The average hourly wage for the roughly 400 workers based in Detroit is double the federal minimum wage, which the company aims to increase once profitable. “Where our scale is currently in terms of volume, we can safely afford to invest in our workers. Our investment is in people and that is where we want to keep our focus,” says Mr Lewand. This means partnering with local development organisations such as Downtown Detroit Partners and community colleges to identify jobseekers, provide preparatory training and offer support services such as transportation assistance and coaching, enabling workers and the unemployed to gain the necessary traction for job success.
At the same time, the CEO is candid about the work that lies ahead. “For us, there is still a great deal of work to be done and a great deal of jobs to be created,” he says. “We are creating hundreds of jobs, not thousands.
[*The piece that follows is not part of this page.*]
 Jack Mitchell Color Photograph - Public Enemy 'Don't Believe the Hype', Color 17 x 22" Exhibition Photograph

We are not Ford Motor Company. Yet there is still an opportunity to do meaningful job creation within the parameters that we have established for ourselves in watches, jewellery and audio.
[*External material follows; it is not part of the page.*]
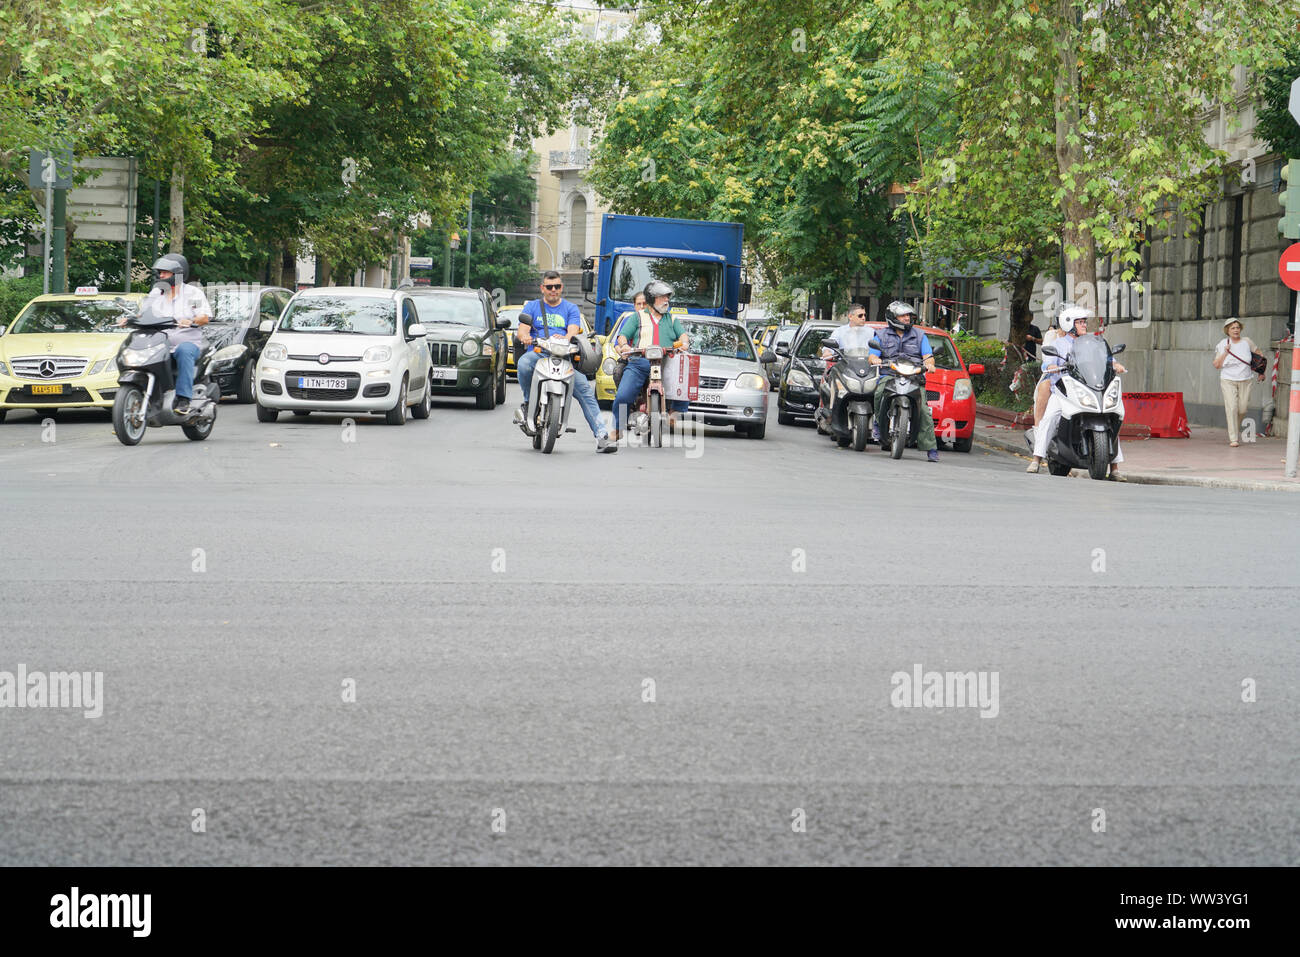 Athen Griechenland - 15. JULI 2019; Fahrzeuge an der Kreuzung warten zu bewegen, wenn es sicher ist. Stockfoto

“As we look at rolling out new product categories, we measure not only the margins on the product itself, but also how many jobs it helps us to create. I think that is a governing principle of ours that may or may not match up with what other companies look at.”
Thinking bigger
So what makes Detroit special? The investment is emotional as well as financial, Mr Lewand explains. “We all have a common commitment to our community, whether that’s folks from other parts of the country, or folks like me who were born and raised here and have been through tough times with the city and now are seeing some growth and good things happening after quite some time,” he says. “It’s about trying to embrace that and leverage it, so that those opportunities extend beyond just a few city blocks in the downtown area and into our neighbourhoods and really create a wide-ranging rebirth of the city.”
“The Detroit of 2017 and 2020 isn’t going to be the Detroit of the 1950s or the 1960s,” he continues. “It will be something new and different with energy of its own. I think that’s an incredibly powerful motivator for everybody who is a part of Shinola.”
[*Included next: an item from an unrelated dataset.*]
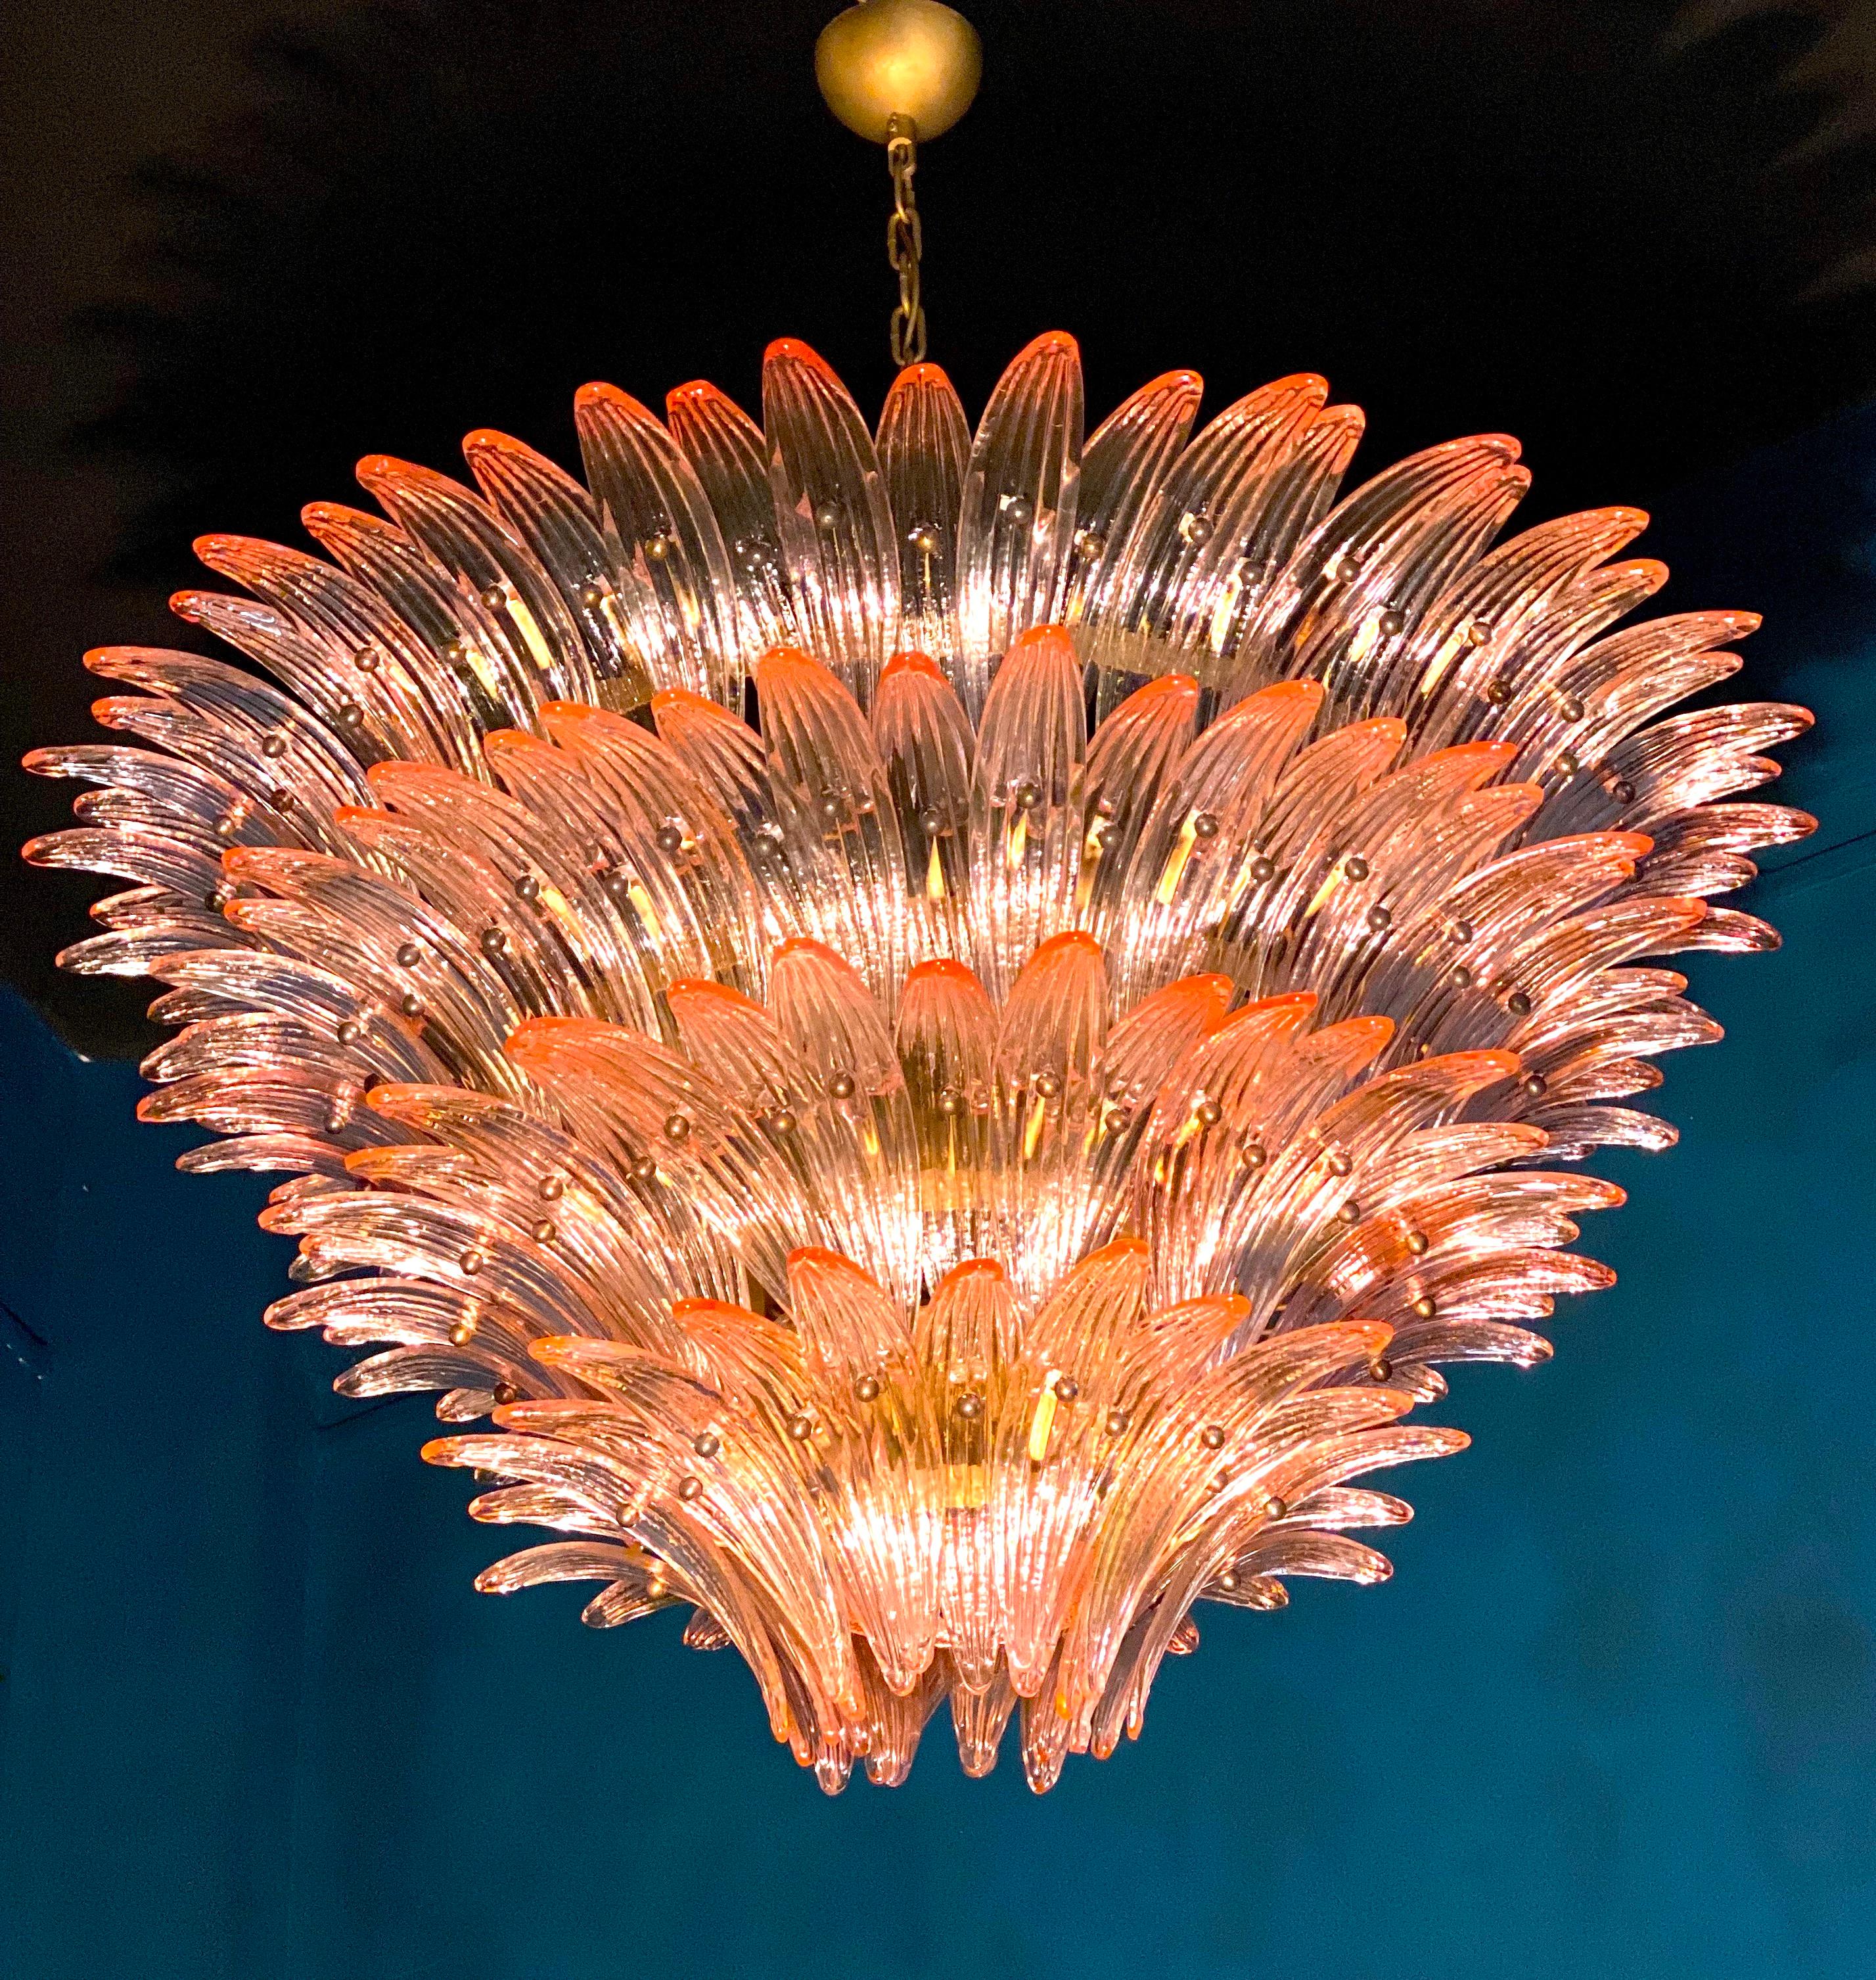 Hervorragender rosafarbener Palmette-Kronleuchter aus Murano-Glas mit 163 kostbaren Gläsern auf vier Ebenen.
Goldfarbener Metallrahmen.
Erhältlich auch ein Paar und ein Paar von Wandleuchten.
12 Glühbirnen, Größe E27
Abmessungen: 55,10 Zoll (140 cm)

Shinola currently runs 23 stores as far afield as Toronto and London, and aims to have more than 30 open by the end of 2017, less than four years after the launch of its first store. It has also partnered with Detroit billionaire Dan Gilbert in a major hospitality investment: the eight-floor Shinola Hotel, due to open in central Detroit in late 2018.
“The optimism that our workers display and the incredible reception the Detroit community has given us has inspired us to invest more time and resources than we ever imagined,” says Mr Lewand. “It really does drive us in ways that are as significant – or in some ways, more significant – than just the bottom line.”